__RECORDED INFORMATION__.
⁂
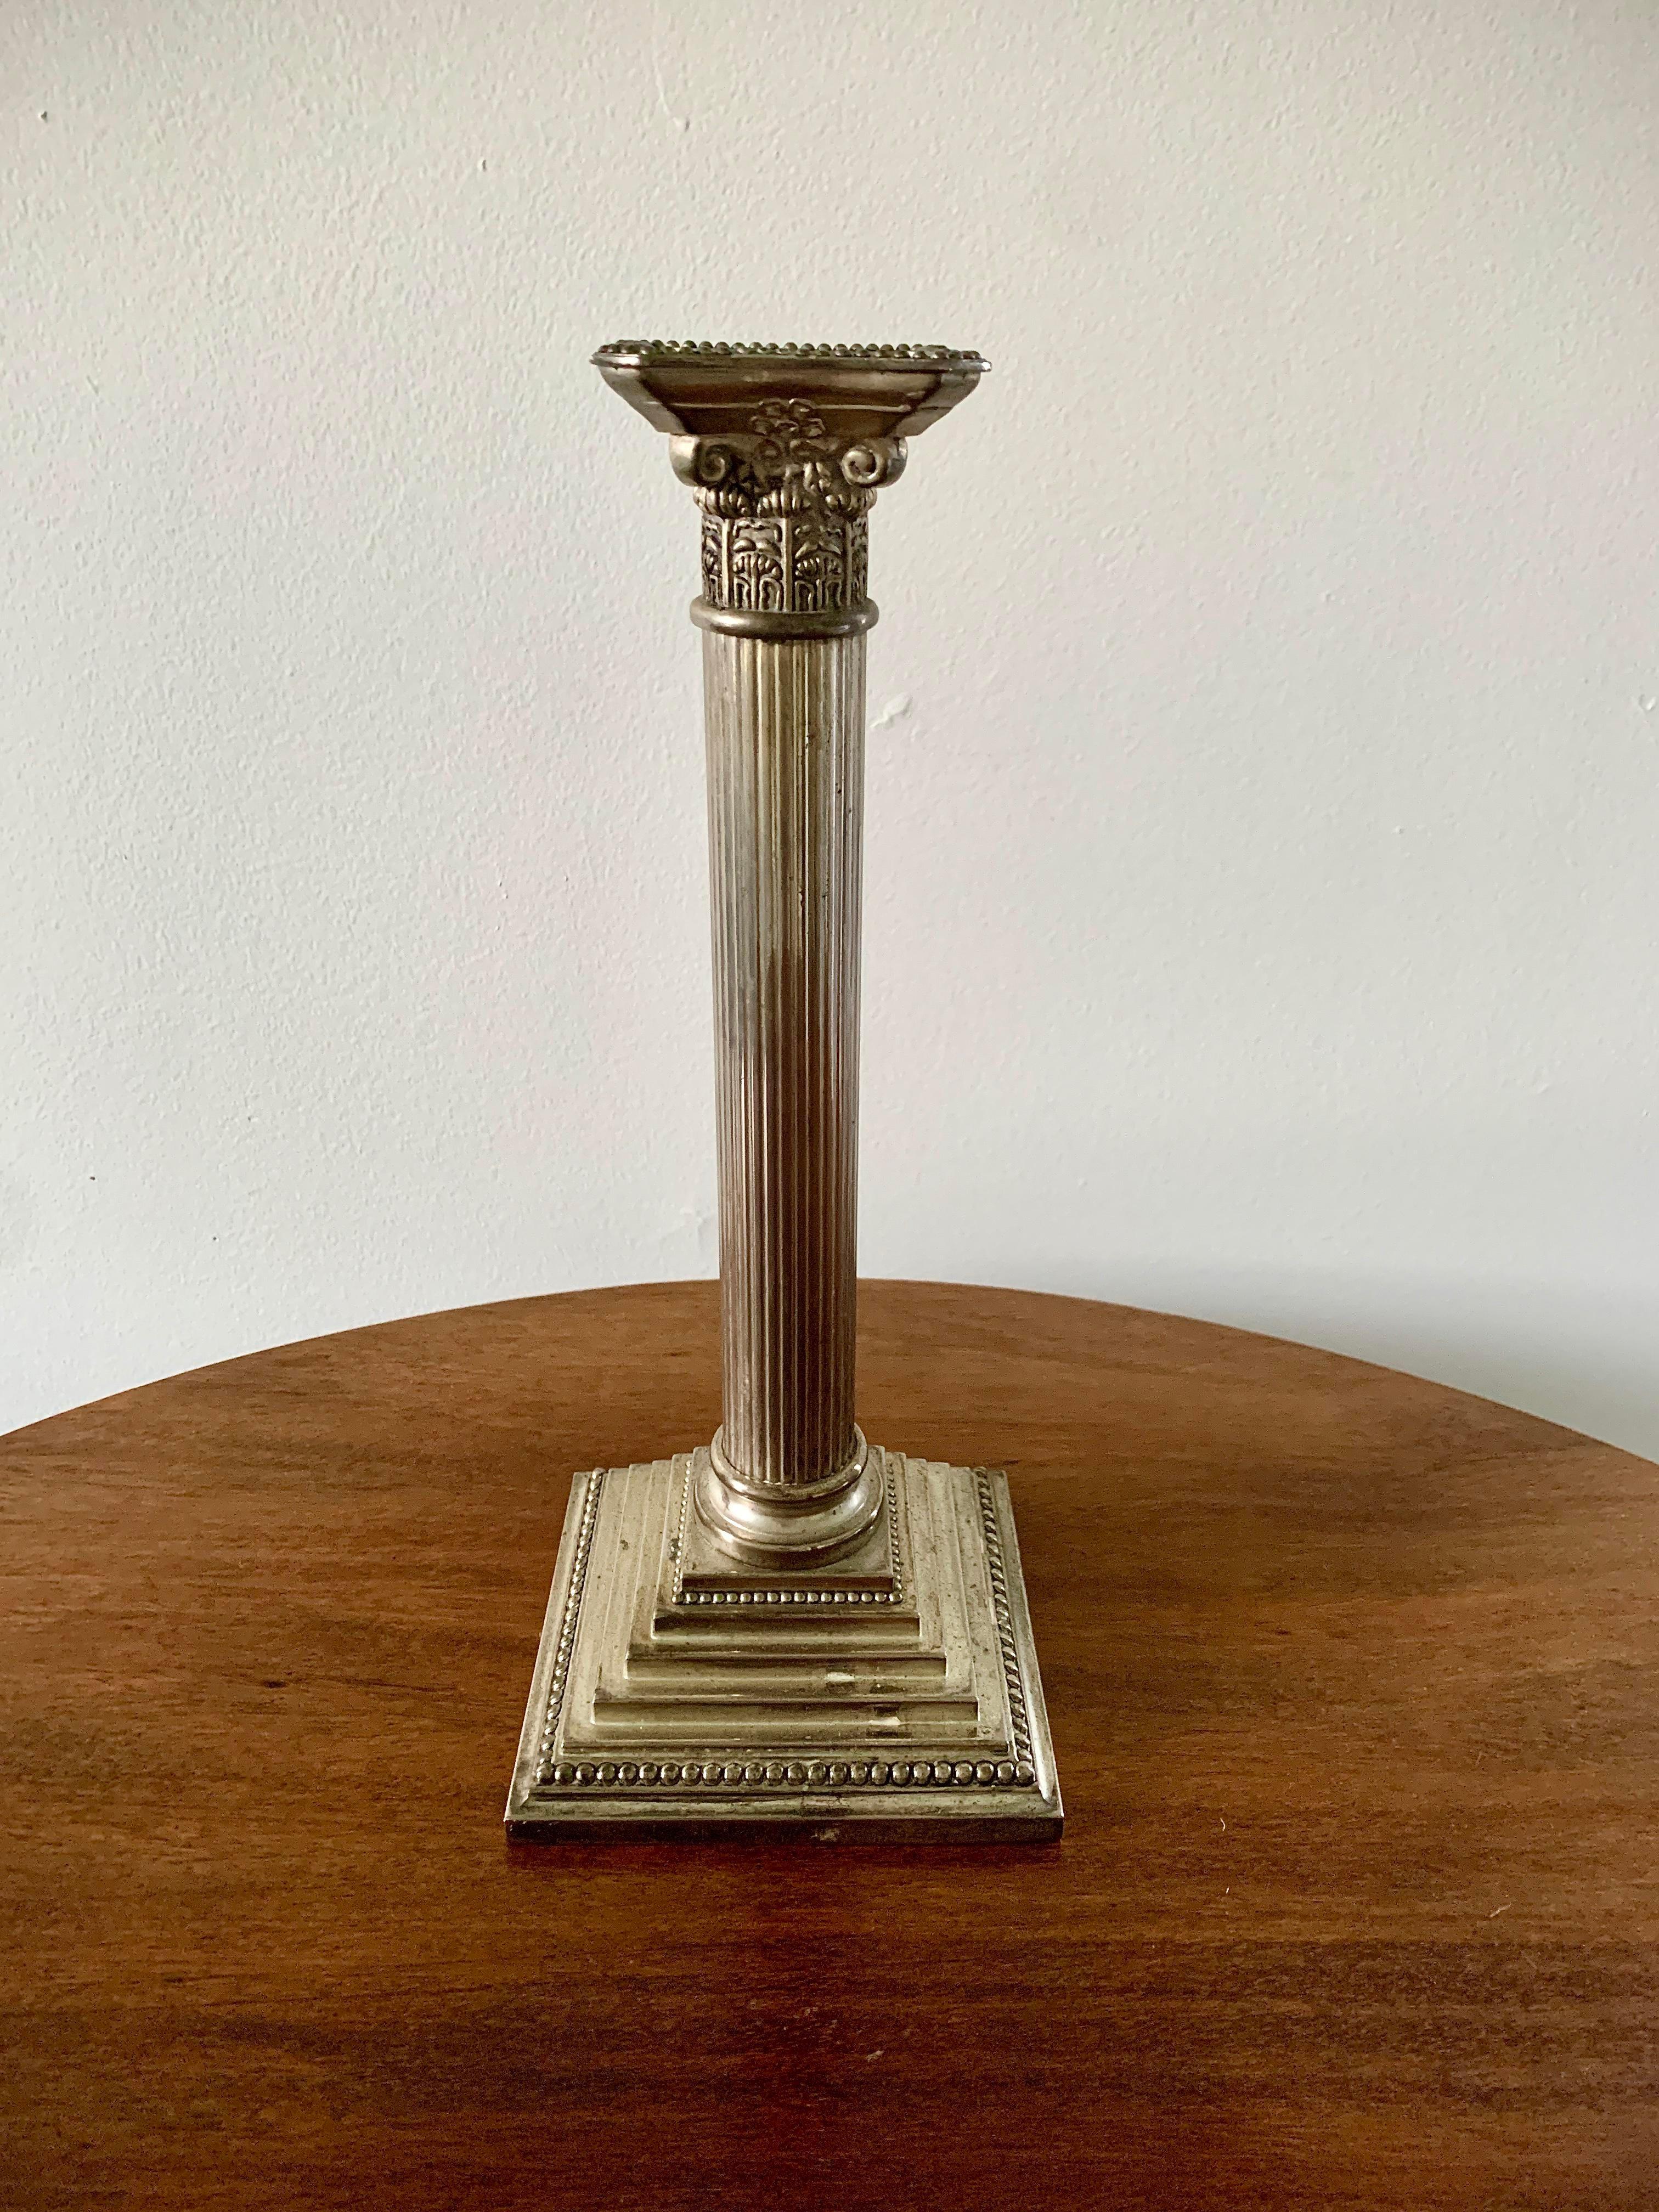 A gorgeous Neoclassical style silver plate corinthian column candle holder

Circa Mid-20th Century

Measures: 5
⁂
__EXERCISE GOAL__. Copy the data word for word, no pictures.

__ANSWER SECTION__.
 A gorgeous Neoclassical style silver plate corinthian column candle holder

Circa Mid-20th Century

Measures: 5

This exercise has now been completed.